2.3 Time lag processing method To solve the time lag problem. We have adopted a fuzzy control based on the method of setting the reserved impulse, the basic algorithm is: the beginning of the material to open the frequency converter for high speed, vibration under the material sieve fast under the material, the material to a larger flow into the weighing hopper, when the weight value of the material in the weighing hopper is greater than the target output minus the slow reserved impulse, then open the frequency converter for the low-speed state, vibration under the material sieve slow under the material. Material with a smaller flow into the weighing hopper: when the weight of the material in the weighing hopper is greater than the target output minus the stopping of the reserved impulse. Then the frequency converter is turned off, the vibrating discharging screen stops discharging, and the overshoot of the discharging screen will make up for the difference between the current material weight and the target output: this control flow is shown in Figure 3. In this way. Fast and slow two-speed discharging and the method of setting the reserved impulse solves the problem of discharging overshoot caused by the time lag characteristic. The size of the reserved impulse can be set in the software interface according to the target weight and different material properties.
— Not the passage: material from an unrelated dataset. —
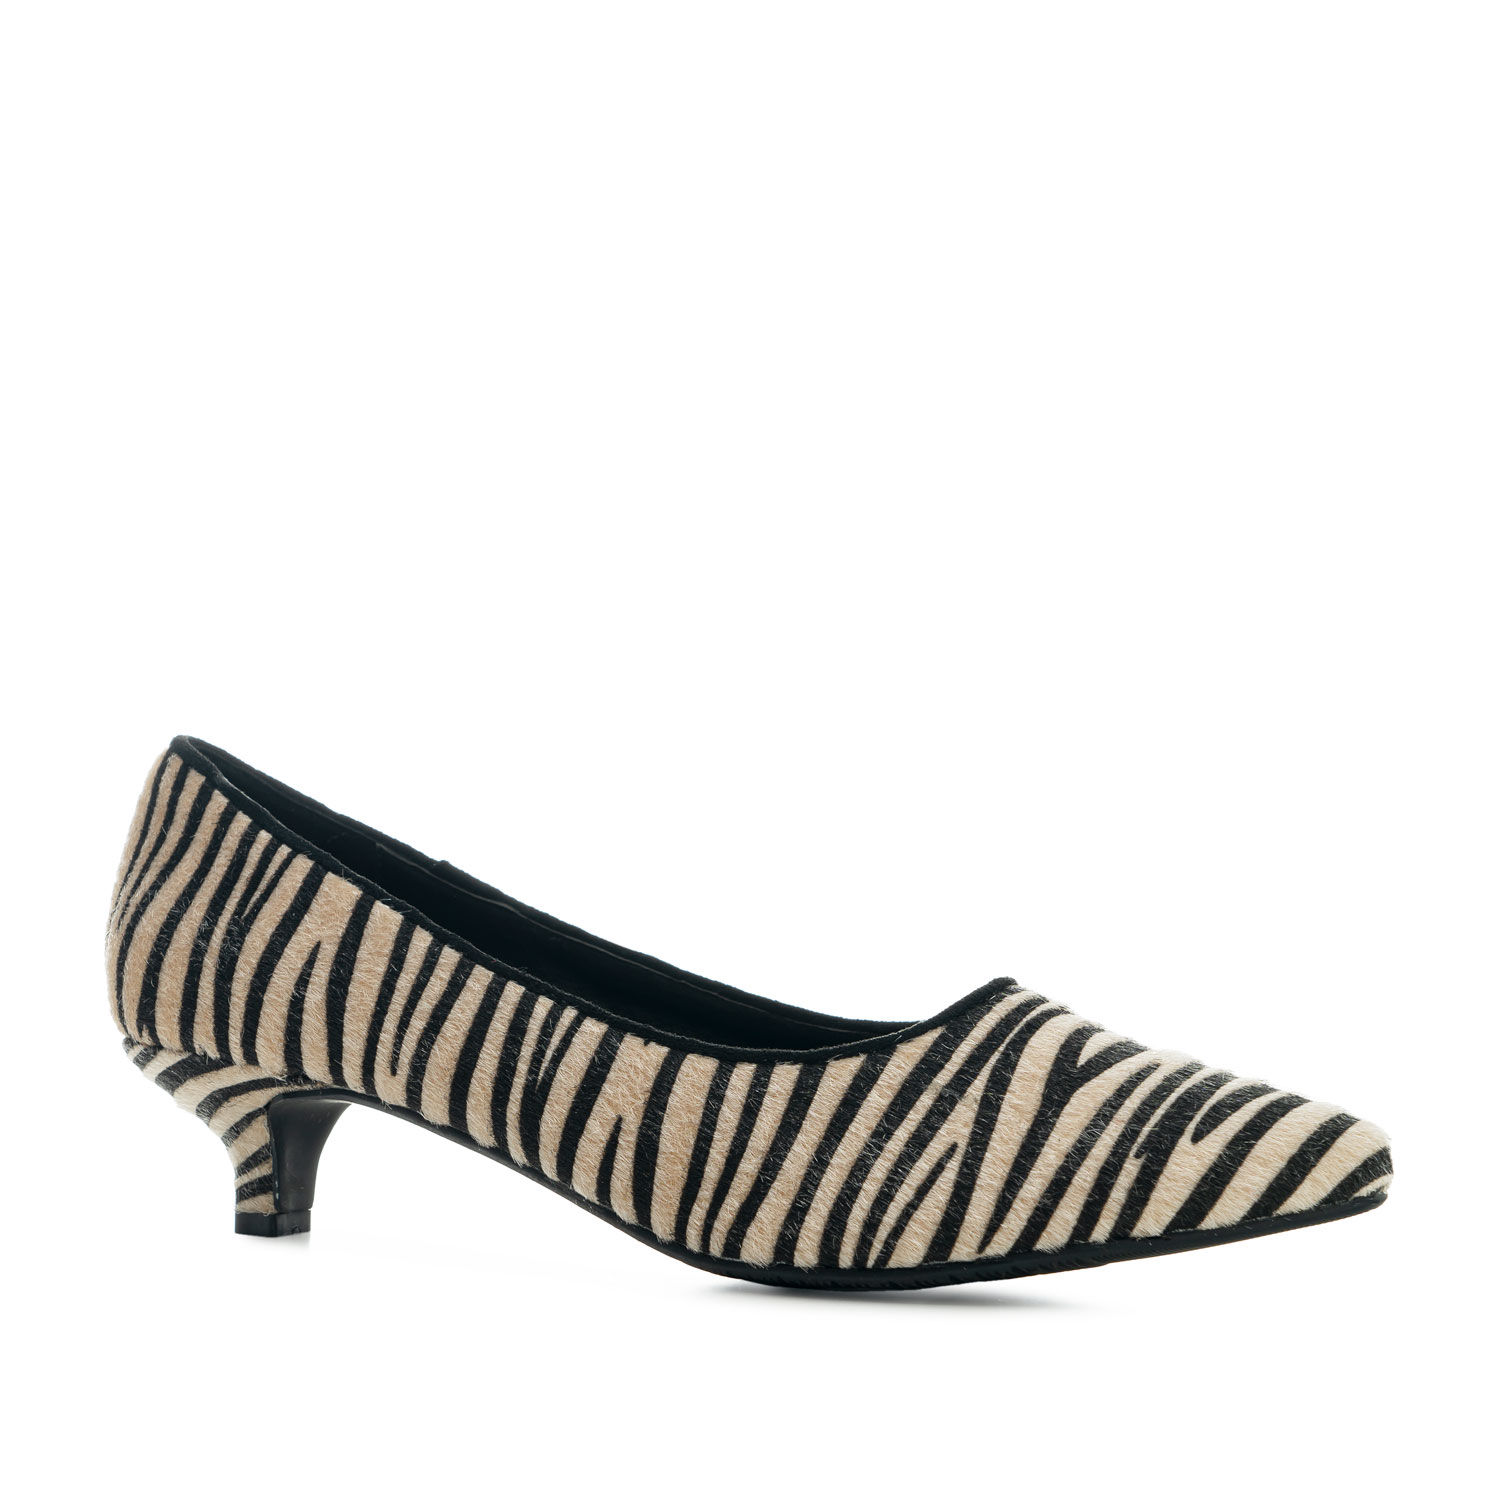 Kitten Heel Shoes in Zebra Fur - New

The actual debugging process we found that the vibrating screen high-speed open 50H2, low-speed open 20H2, then the high-speed target is set to the set value minus 10 times the reservation is more appropriate, the vibration speed is too low is under the material time-consuming, too high is too fast under the material is difficult to control.

3 results and discussion

Automatic dosage system actual operation for half a year a total of more than 10,000 actual material data, No. 3 and No. 6 weighing due to weighing each time the target yield is small, and the material is often lumpy, time lag characteristics of the material under the precision control caused by a greater impact on the weighing error is greater. The rest of the weighers have reached the automatic weighing accuracy of 2.0 level. If the increase of overshooting retention device will greatly improve the system's controllability and weighing accuracy, but this will also make the weighing body mechanical part of the heavy for complex. In addition, if the target yield changes or the material properties change when the system is in use, it is necessary to manually increase or decrease the reserved impulse value appropriately. In the actual use of the process we found that inexperienced operators of the value of the setup sometimes improper, resulting in large weighing errors. Therefore, we consider adding the adaptive control of reserved impulse algorithm on the basis of manual intervention of reserved impulse to reduce the dependence of the appropriateness of the reserved impulse setting on the operator's experience.